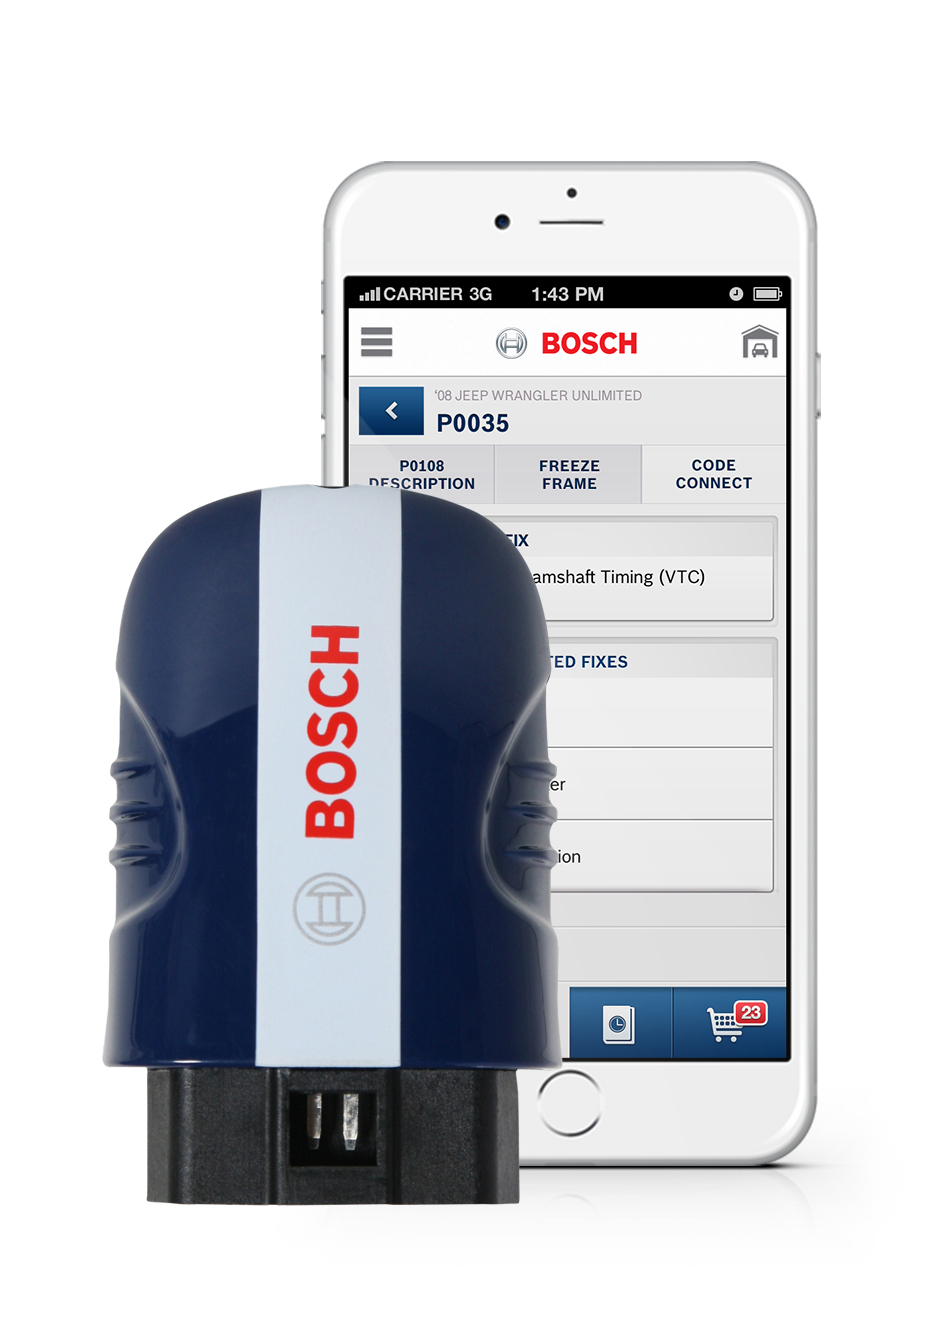 Bosch 1050 Mobile Scan Diagnostics | Bosch Diagnostics
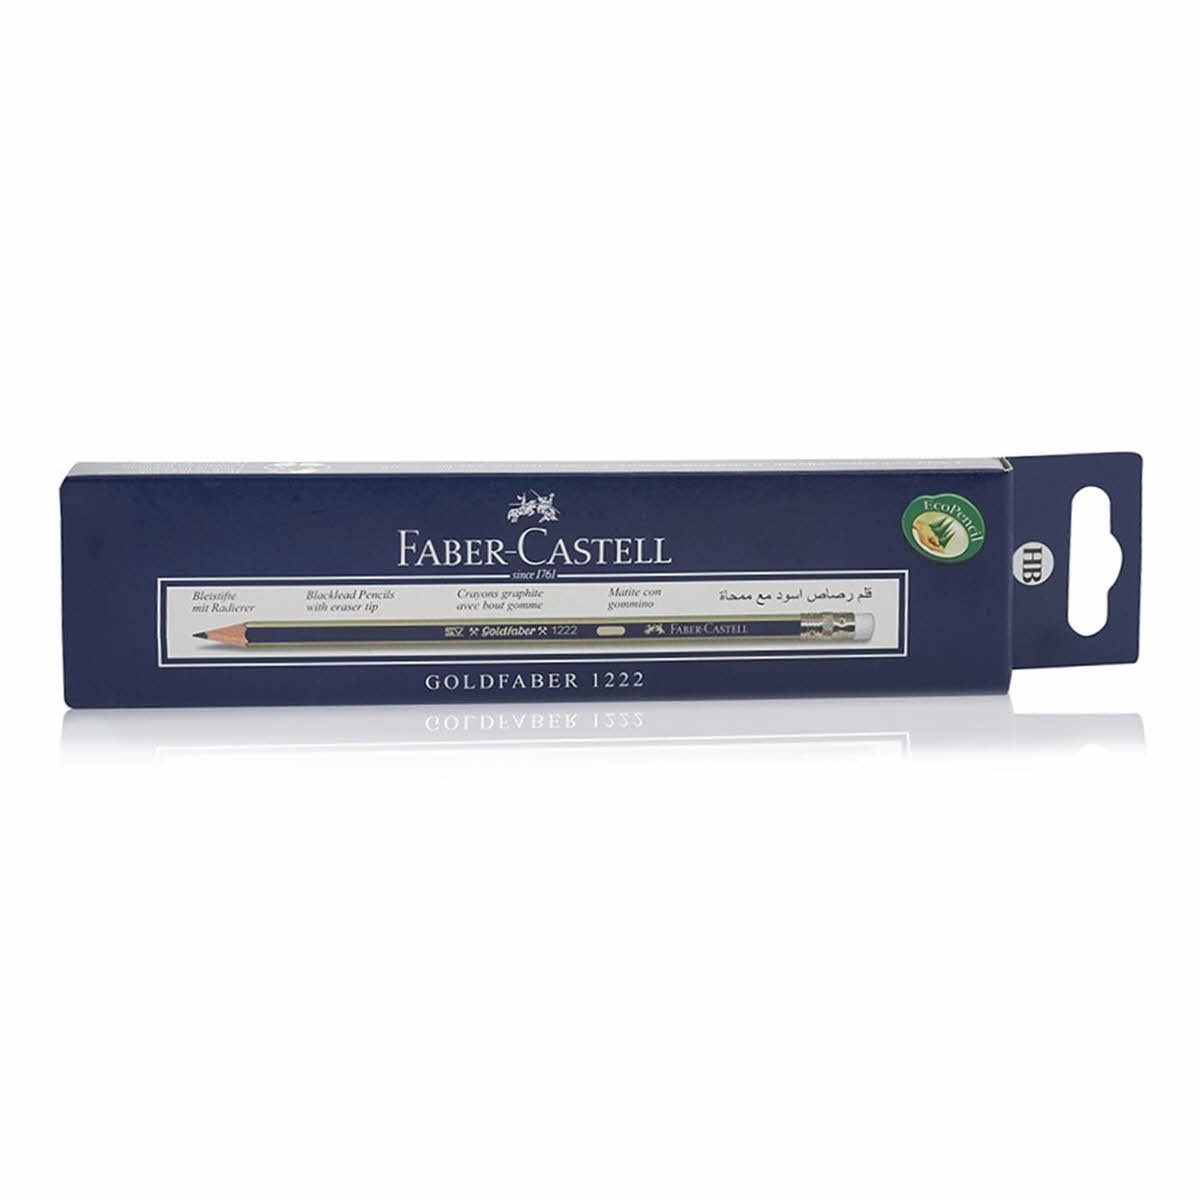 Faber-Castell Bonanza Lead Pencil Hb WITH ERASER
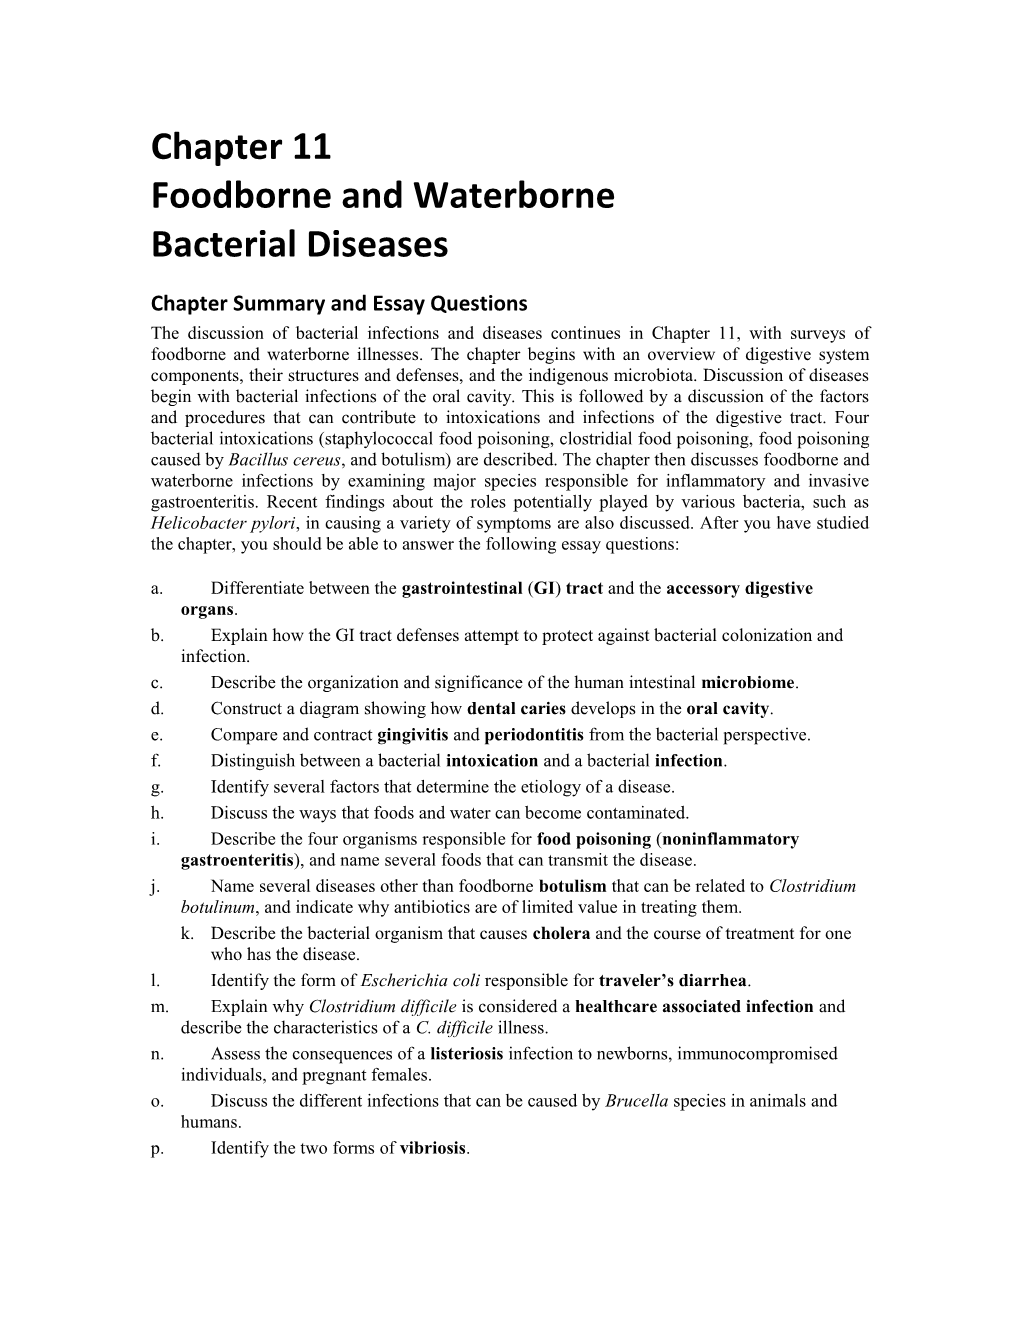 Foodborne and Waterborne

■ TASK STATEMENT
Each line of the data must be restated exactly, and the pictures must be left out.

■ WORKED SOLUTION
 Bosch 1050 Mobile Scan Diagnostics | Bosch Diagnostics
 Faber-Castell Bonanza Lead Pencil Hb WITH ERASER
 Foodborne and Waterborne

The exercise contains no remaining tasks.